With Brent crude falling to below $50 a barrel, the market has been tough on oil explorers and on commodity stocks in general. Does that mean we should run away from such investments, or is it an opportunity to buy while they’re cheap?
News of an 8% fall in production from its Trinidad operations didn’t do Range Resources (LSE: RRL) much good, and the shares are down 8.5% to 0.6p as I write. Over the last 12 months we’re looking at a 62% fall, although for some of that period the shares were suspended for technical reasons.
Fall in production
The firm said it is disappointed by the production drop, from 620 barrels per day to 570 in the past two months, but reckons it’s still cashflow positive. And with four new development wells lined up for drilling in the third quarter, Range “believes that the next six months will show substantial improvements in operational performance“.
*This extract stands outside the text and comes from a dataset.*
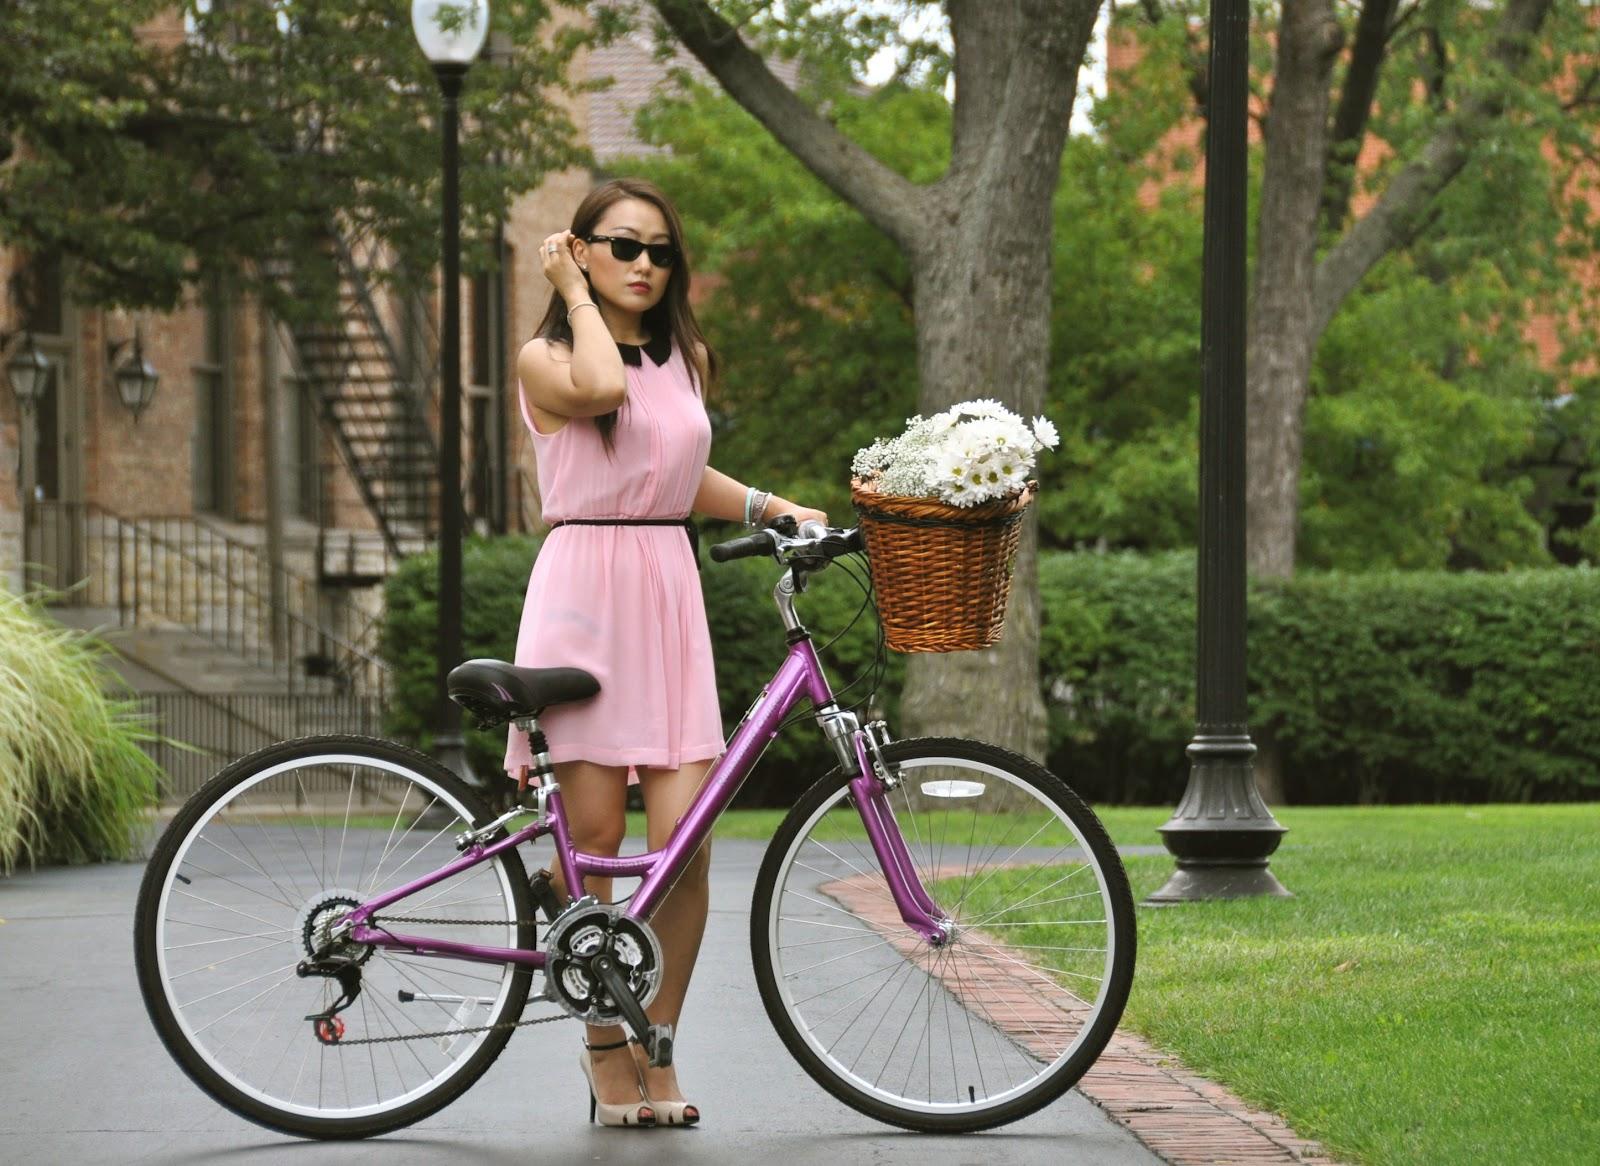 Best Cruiser Bikes For Older Women Baby Boomers

Analysts were forecasting a very tiny profit for 2016, though the further deterioration in the oil price casts surely doubt on that for now — but on the other hand, there’s little point in trying to work out a 2016 valuation based on today’s oil price. And with its recent funding package in place, Range looks safe enough for now, though certainly not an investment without risk.
A safer bet?
An oily I have liked the look of for a while is Falkland Oil & Gas (LSE: FOGL), which is sitting on some very nice sounding discoveries around the Falkland Islands — the firm’s find at Isobel Deep in the North Falkland Basin, which it shares with Premier Oil and Rockhopper, beat all expectations and could indicate up to 1 billion barrels of recoverable oil in the whole region.
The share price brightened up in the first couple of months of the year, but since March it’s slipped back from around 37p to 24p today as the uptick in the price of oil has reversed itself — it was fetching more than $60 back then. But the firm has plenty of cash to fund its 2015 drilling programme, and its assets make it look attractive.
A five-bagger
Amur Minerals (LSE: AMC) is one of those rare miners whose share prices have risen this year. In fact, at 16.3p it’s up more then fivefold in 12 months — but its success was all contingent on gaining a licence for its Kun-Manie prospect in Russia. It got that in June, and the price spiked much higher and even reached 44p before settling down to today’s levels, so there’s plenty of volatility.
The finance for developing the project is not settled yet, and the mere fact that it is in Russia adds risk. But the company’s “operational blueprint” published in late June sounded provisionally optimistic, and there could be nice gains for those willing to take on a potentially exciting ride.